Profile Type | Description |
---|---|
Idle | Time spent idling while polling for network / file descriptor activity. |
RunningTime | Time spent collating profile statistics. |
tickStats | Time spent updating moving average for statistics. |
watchersTCP | Time spent processing TCP watcher requests. |
watchersUDP | Time spent processing UDP watcher requests. |
Profile Type | Description |
---|---|
archive | Time spent archiving entities to the database as part of the second level fault tolerance. See Server Operations Guide chapter Backups and Disaster Recovery. |
backup | Time spent performing entity backups to other BaseApps as part of the first level fault tolerance mechanism. See Server Operations Guide chapter Fault Tolerance. |
encryptRecv | Time spent decrypting incoming network
traffic from the EncryptionFilter
(bigworld/src/lib/network/encryption_filter.cpp ).
|
encryptSend | Time spent encrypting outgoing network
traffic from the EncryptionFilter
(bigworld/src/lib/network/encryption_filter.cpp ).
|
tickGameTime | Time spent processing game ticks. |
Profile Type | Description |
---|---|
backup | Time spent backing up cell entities to their Base. |
boundaryCheck | Time spent calculating all entities that need to be offloaded, ghosted or removed. |
calcBoundary | Time spent calculating the number of entities that can be offloaded and notifying CellAppMgr. |
callTimers | Time spent processing timers. |
callUpdates | Time spent calling updatable objects such as
controllers and witnesses. Calls to
Controller .update()
are included in this time.
|
canNavigateTo | Time spent calculating whether an Entity can move to a destination position from its current location. |
chunksMainThread | Time spent performing chunk loading / unloading calculations in the main thread. |
findEntity | Time spent locating a specific entity within the known population on the CellApp. |
gameTick | Time processing the game tick. |
onMove | Time spent in the
onMove() script callback from a
movement controller.
|
onTimer | Time spent in the
onTimer() script callback from the
timer controller.
|
scriptCall | Time spent in any Python script call that has been invoked from C++. |
shuffleEntity | Time spent updating the range lists on entity movement. |
transientLoad | Time spent performing entity management tasks such as creation, deletion and initialisation. |
visionUpdate | Time spent updating the vision of entities. |
control_cluster.py eventprofile
Recall that the server sends down both non-volatile data and volatile data down to the client. Volatile data is in the form of position and pose updates, while non-volatile data consists of the property updates on an entity and client-side method calls for that entity, sent down to any player that can witness that entity. The profiling of non-volatile data can give valuable insight into which methods and property updates are particularly high throughput, enabling effective optimisation of the network impact of entity scripts.

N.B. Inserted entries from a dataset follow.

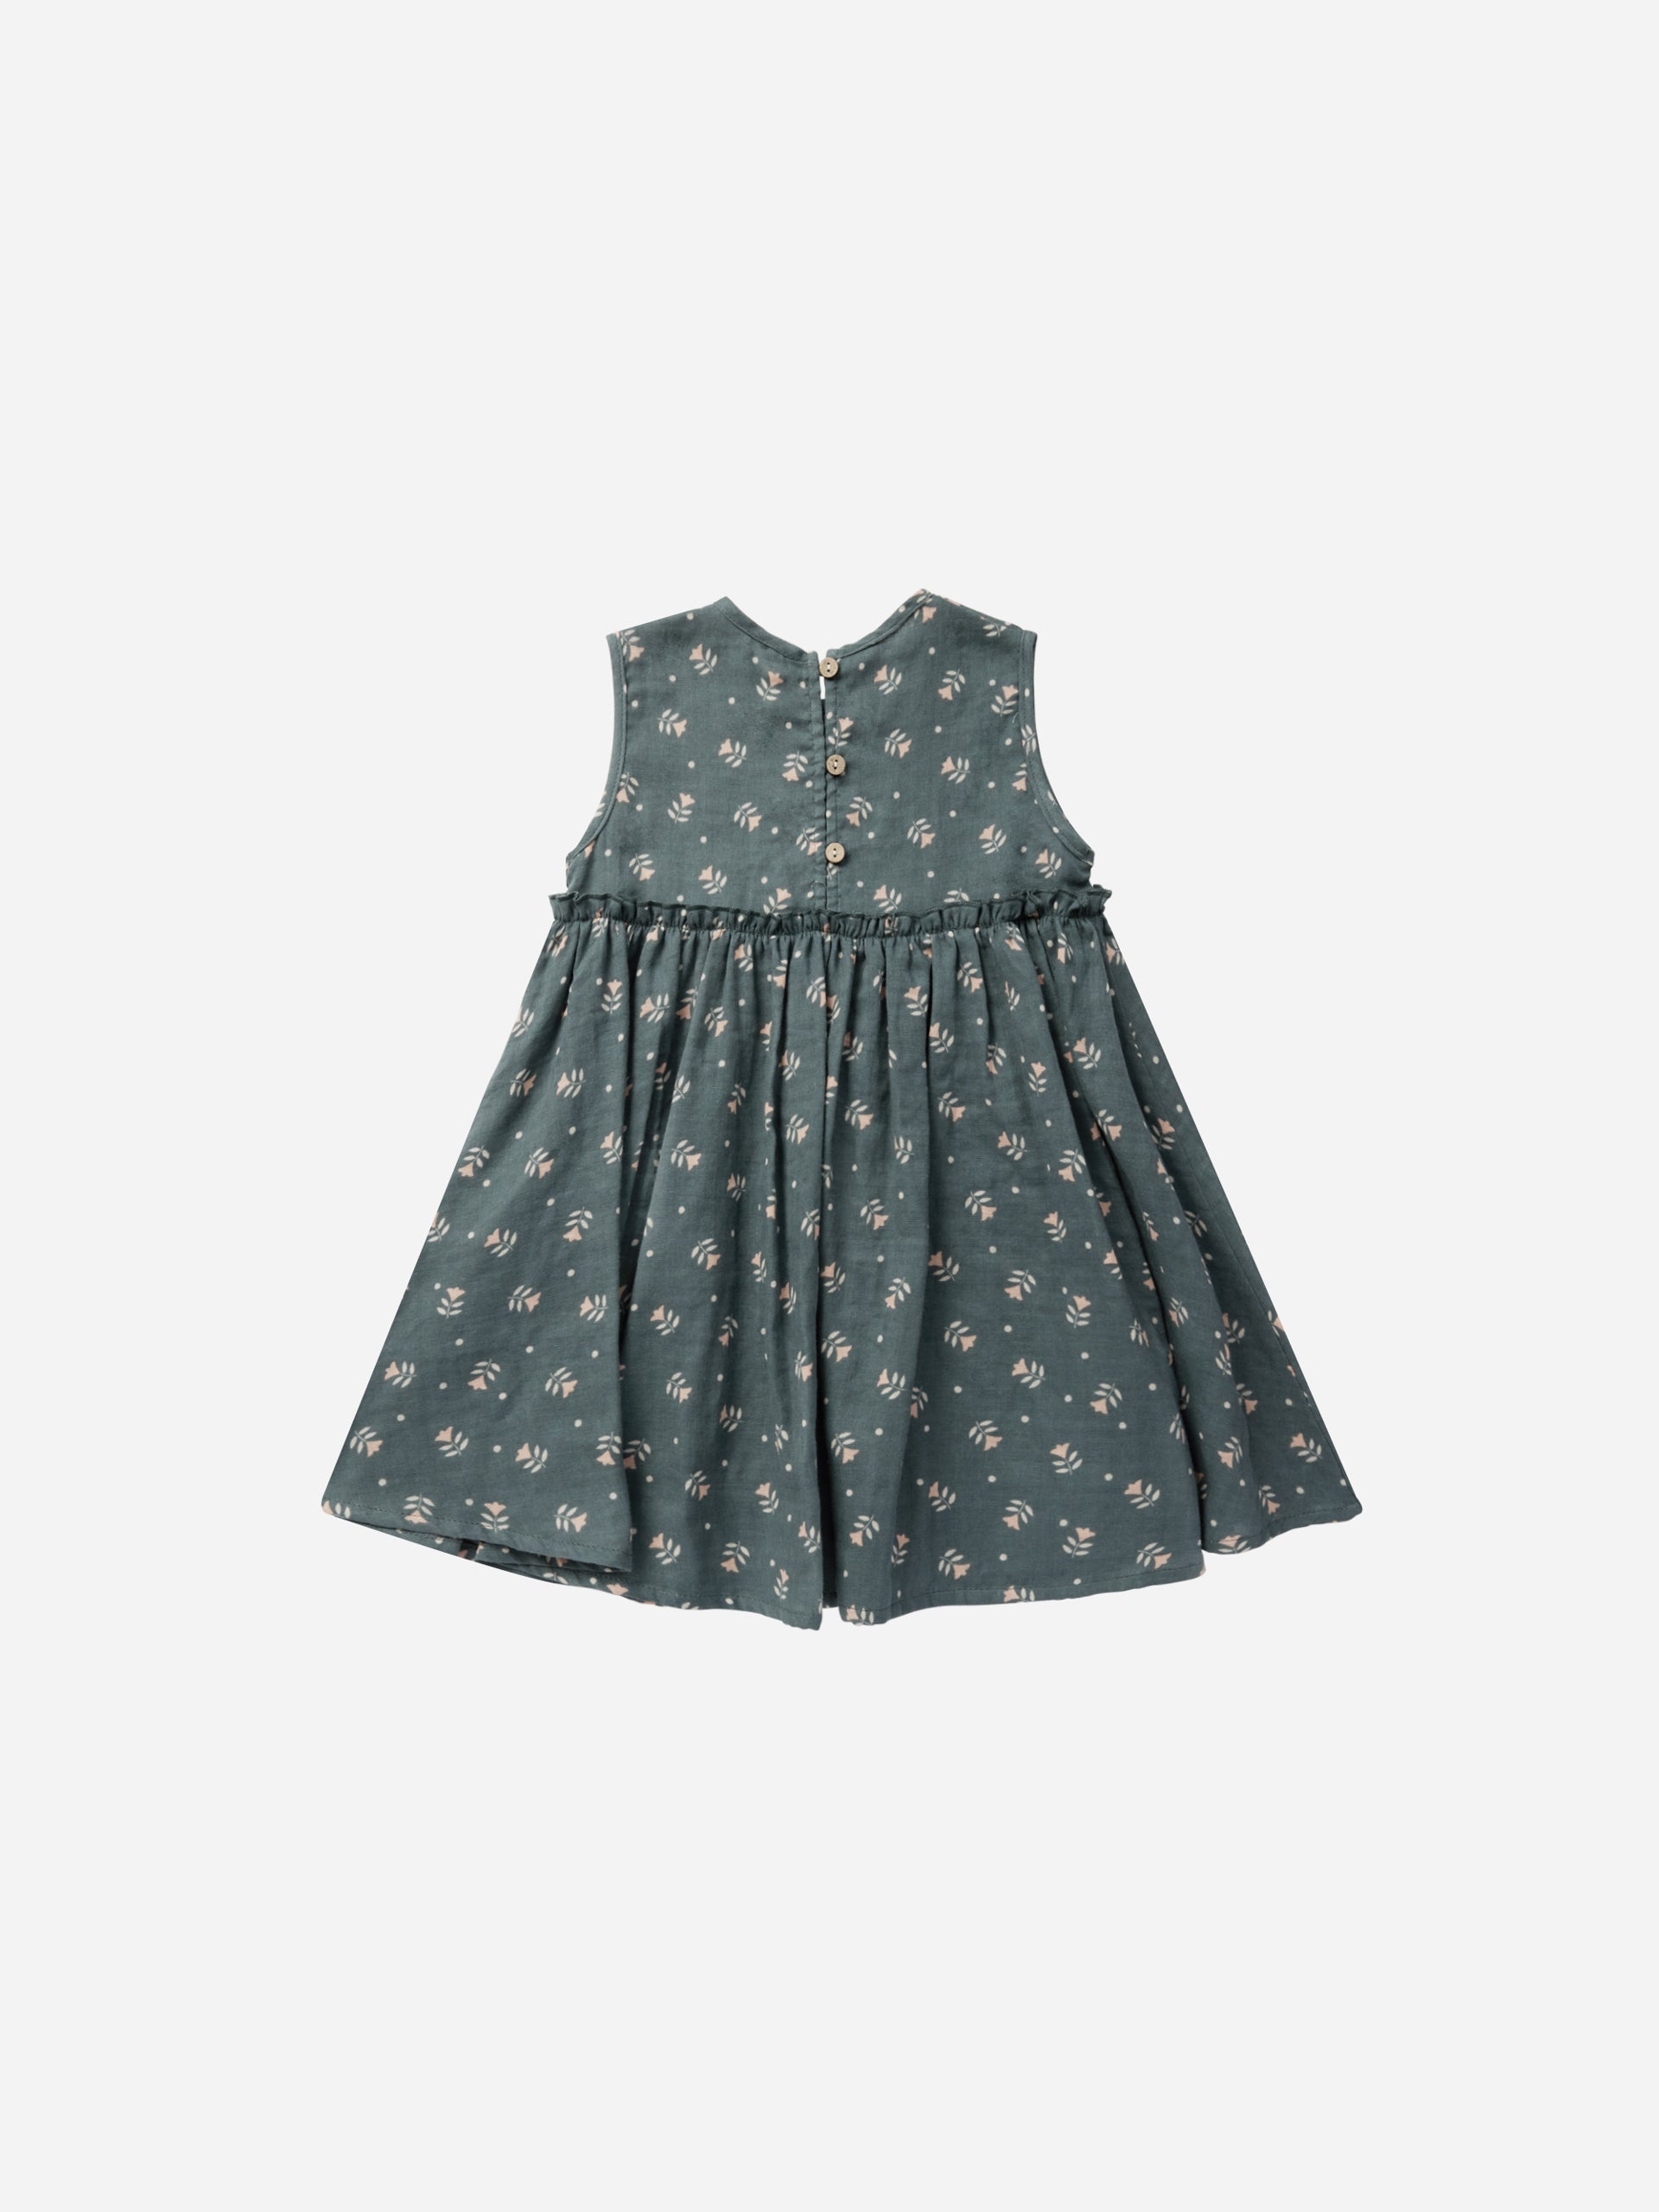 Harper Dress || Morning Glory - Rylee + Cru | Kids Clothes | Trendy Baby Clothes | Modern Infant Outfits |
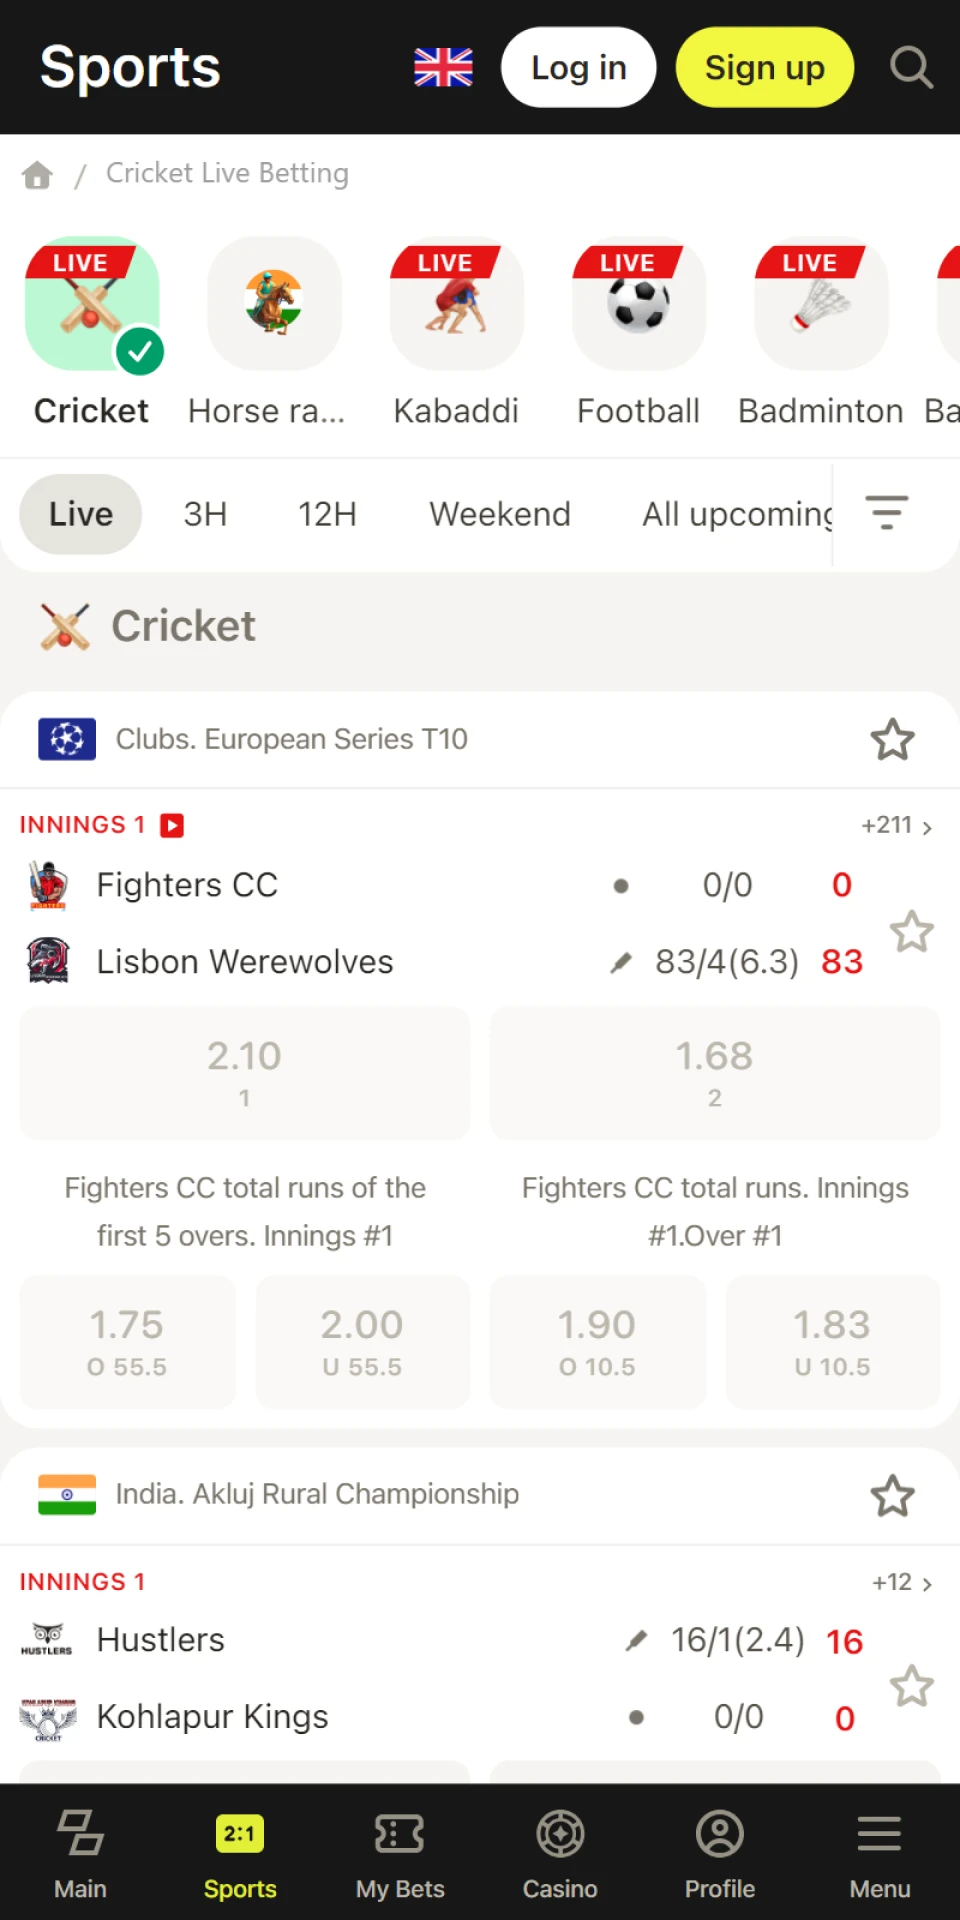 Place your bets on your favorite sports team using the Parimatch mobile app.
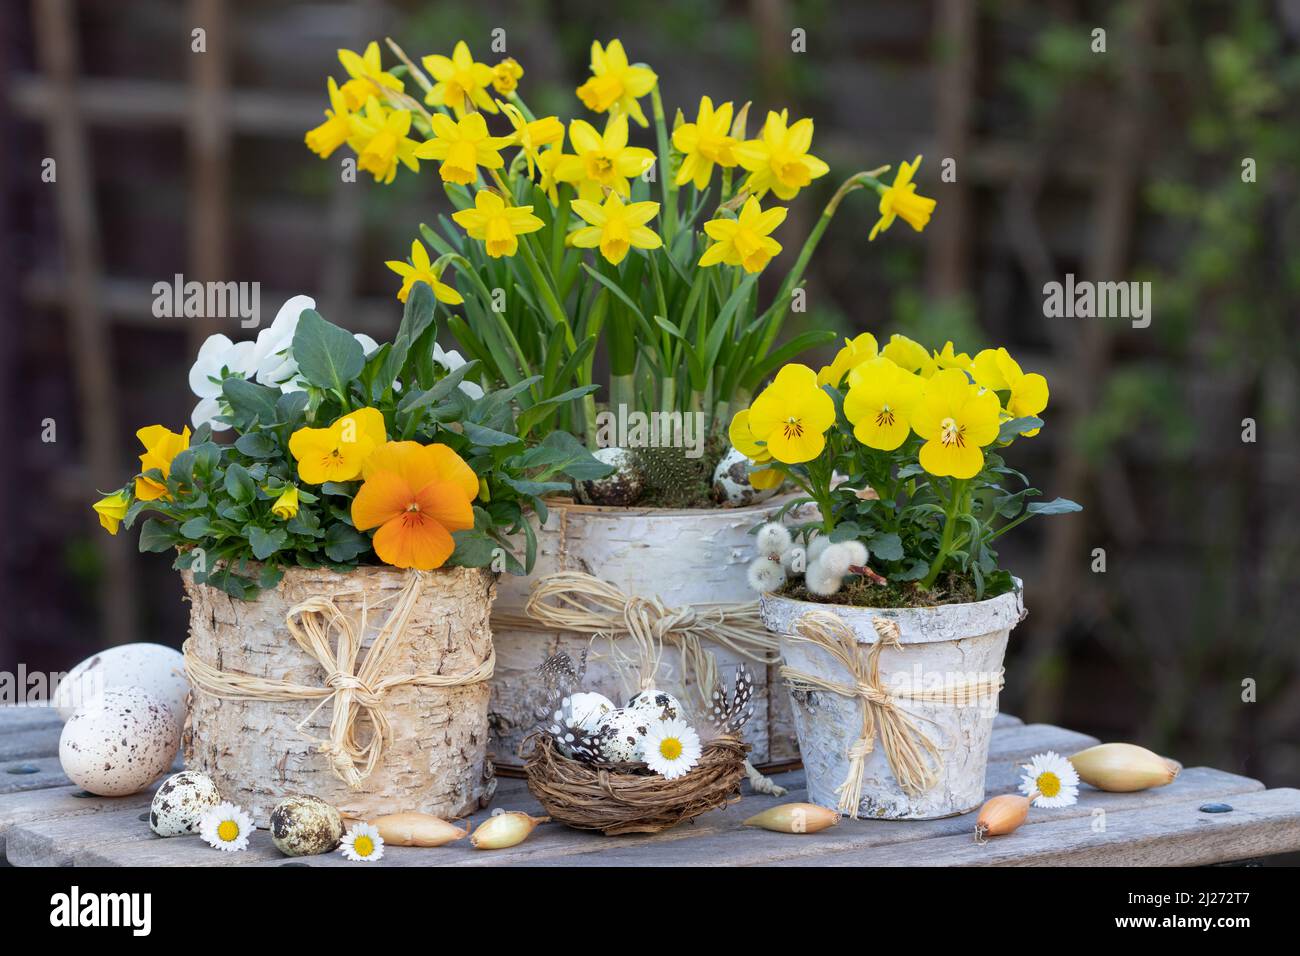 yellow viola flowers and narcissus in birch bark pots as rustic spring decoration Stock Photo

There is a distinction made between own-client communication and other-client communication. Own-client communication consists of method calls and property updates that only an entity's own client will receive. These include updates for properties marked as OWN_CLIENT as well as method calls that are made using the ownClient mailbox, and are private to the player's own entity and not broadcast to other players. Note that this type of client communication only applies to player entities.
In contrast, there is also other-client communication for an entity, which consists of the public method calls and property updates that players having that entity in their AoI are able to witness. This includes updates for properties marked as OTHER_CLIENTS or ALL_CLIENTS, as well as method calls made on an entity''s otherClients or as well as the allClients mailbox. These events are potentially propagated to any player that has that entity in their AoI.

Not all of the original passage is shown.